#### EXERCISE DESCRIPTION
For the entries that follow, restate word for word the line containing "200895299 1984 SCOTT", the line containing "crosslink capital logo", and every line that lies between them.

#### DATA EXTRACTS

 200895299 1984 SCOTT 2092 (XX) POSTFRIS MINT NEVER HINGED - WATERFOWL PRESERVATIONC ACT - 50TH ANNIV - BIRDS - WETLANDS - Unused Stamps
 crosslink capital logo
* * *
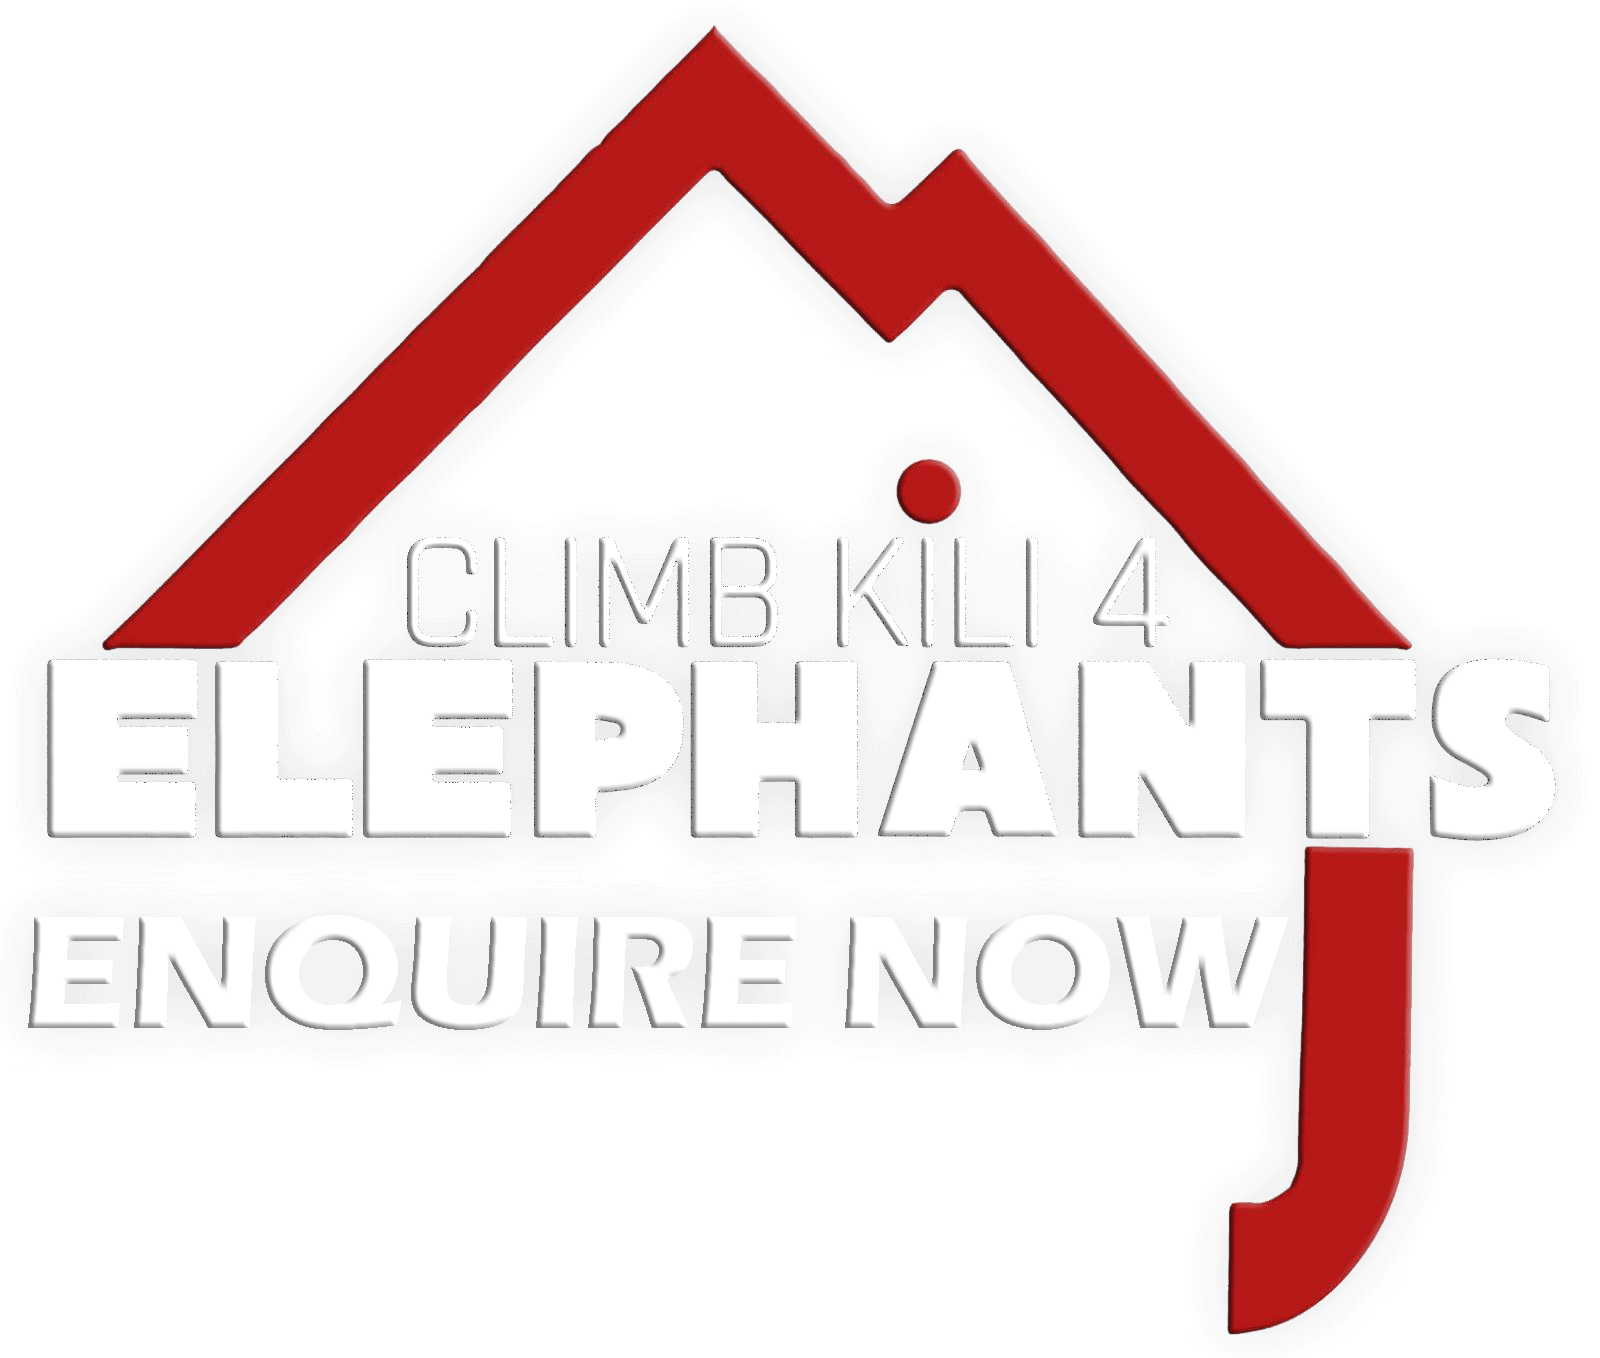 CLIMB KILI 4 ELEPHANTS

#### SOLUTION
 200895299 1984 SCOTT 2092 (XX) POSTFRIS MINT NEVER HINGED - WATERFOWL PRESERVATIONC ACT - 50TH ANNIV - BIRDS - WETLANDS - Unused Stamps
 crosslink capital logo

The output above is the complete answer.